How to change which workers are deployed
By default, the Helm Chart is configured to deploy a luminous-base
worker and a llama-3.1-8b-instruct
worker. If you want to deploy other workers, you can do so by adding the following configuration to the values.yaml
file.
Make sure to download the model weights first. You can find instructions on how to do that in the How to download model weights section.
Luminous workers
Add the following configuration to the values.yaml
file to deploy a luminous-base
worker:
inference-worker:
...
checkpoints:
...
- generator:
type: "luminous"
pipeline_parallel_size: 1
tensor_parallel_size: 1
tokenizer_path: "luminous-base-2022-04/alpha-001-128k.json"
weight_set_directories: ["luminous-base-2022-04"]
queue: "luminous-base"
replicas: 1
modelVolumeClaim: "models-luminous-base"
Adjust the tokenizer_path
, queue
, modelVolumeClaim
and weight_set_directories
to match the weights you downloaded.
If you downloaded a model from huggingface, you need to set generator.huggingface_model_directory
to the download folder instead of using weight_set_directories
, e.g.:
...
- generator:
...
huggingface_model_directory: "meta-llama/Meta-Llama-3.1-8B-Instruct"

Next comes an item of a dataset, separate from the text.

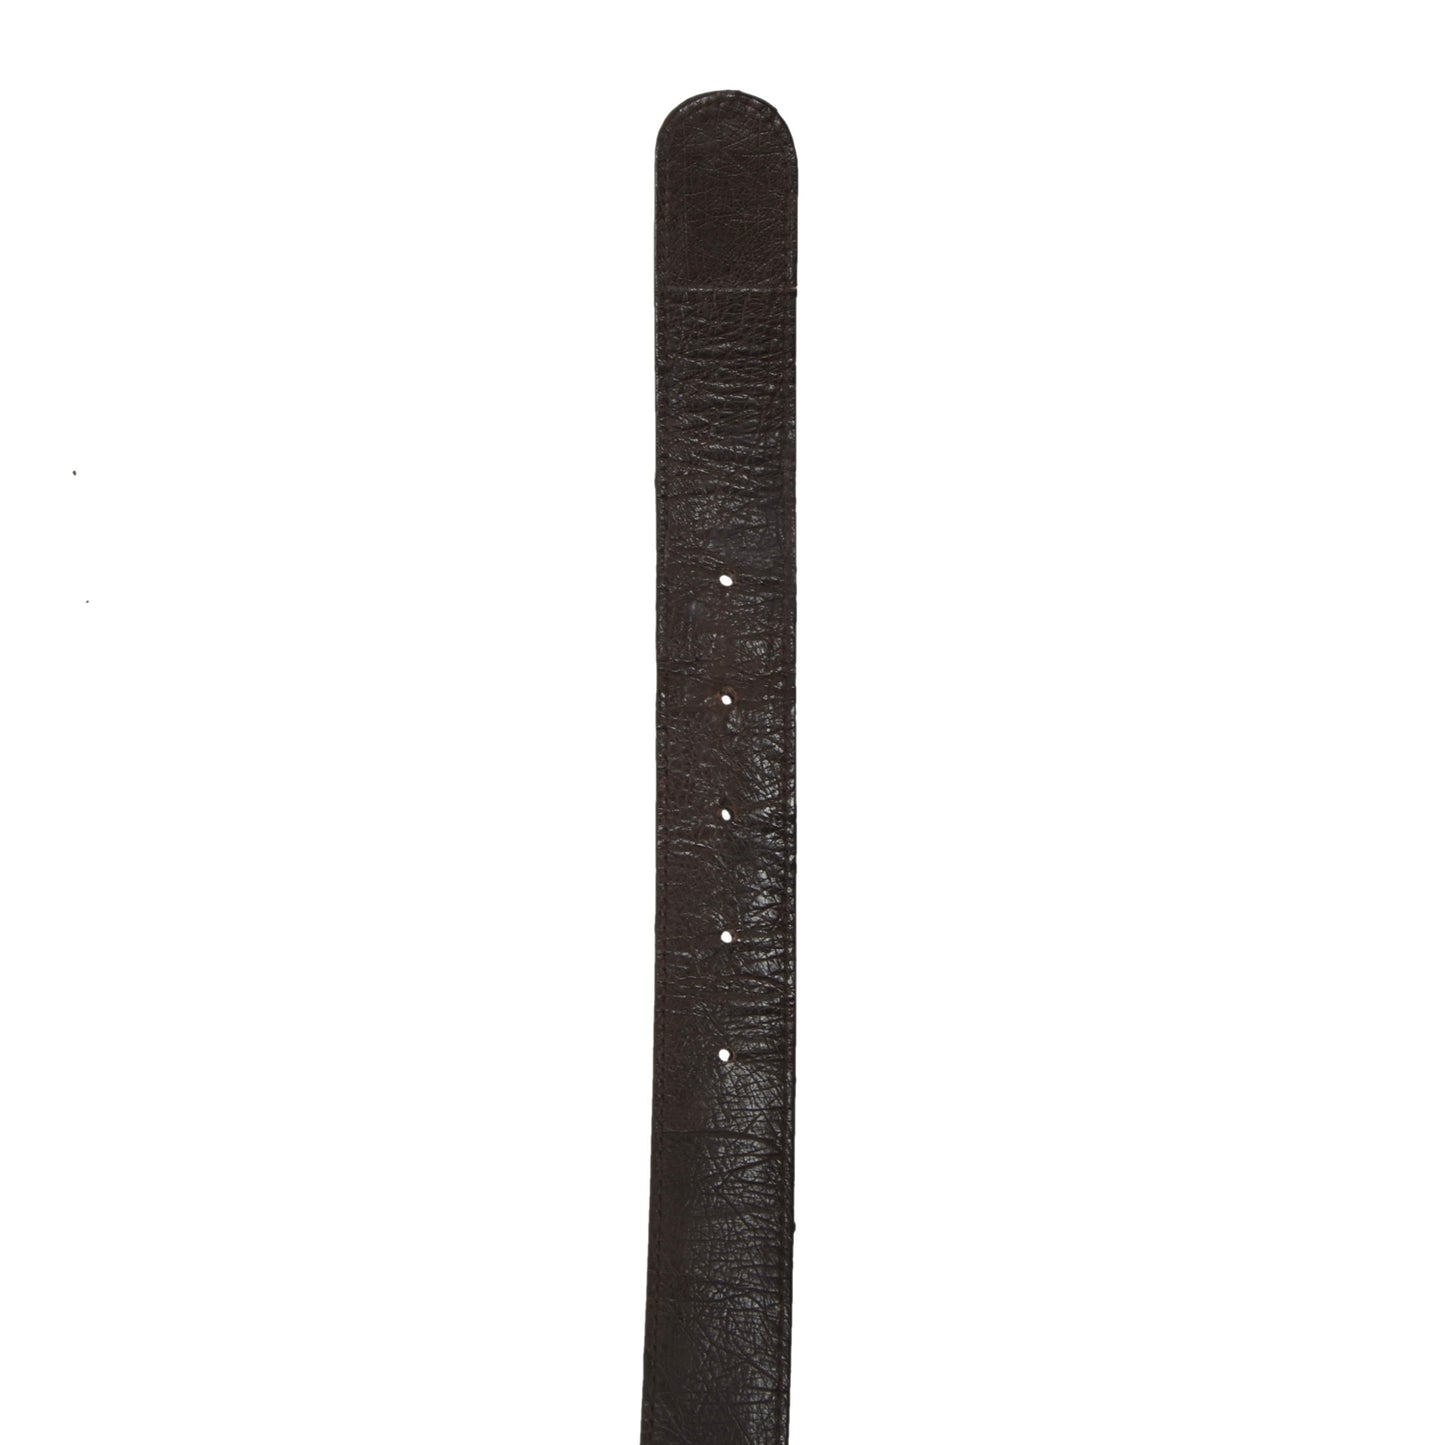 Gürtel aus echtem Straußenleder ca. 113,5 cm - Braun

tokenizer_path: "meta-llama/Meta-Llama-3.1-8B-Instruct/tokenizer.json"
vLLM workers
Add the following configuration to the values.yaml
file to deploy a vllm-based llama-3.2-3b
worker:
inference-worker:
...
checkpoints:
...
- generator:
type: "vllm"
pipeline_parallel_size: 1
tensor_parallel_size: 1
model_path: "/models/meta-llama/Llama-3.2-3B"
queue: "llama-3.2-3b"
replicas: 1
modelVolumeClaim: "pharia-ai-models-llama-3.2-3b"
Adjust the tokenizer_path
, queue
, modelVolumeClaim
and weight_set_directories
to match the weights you downloaded.
Adjust the requested CPU and memory resources to values suitable for the particular model. Larger models require more than the default resources to be loaded. The highest usage occurs during startup. For an unknown model, you could either set the limits generously, monitor peak usage during worker startup, and then decrease the limits accordingly to save resources. Alternatively you could start with low limits and increase them until the worker starts successfully.
inference-worker:
...
checkpoints:
...
- generator:
...
resources:
limits:
cpu: "4"
memory: 32Gi
requests:
cpu: "4"
memory: 32Gi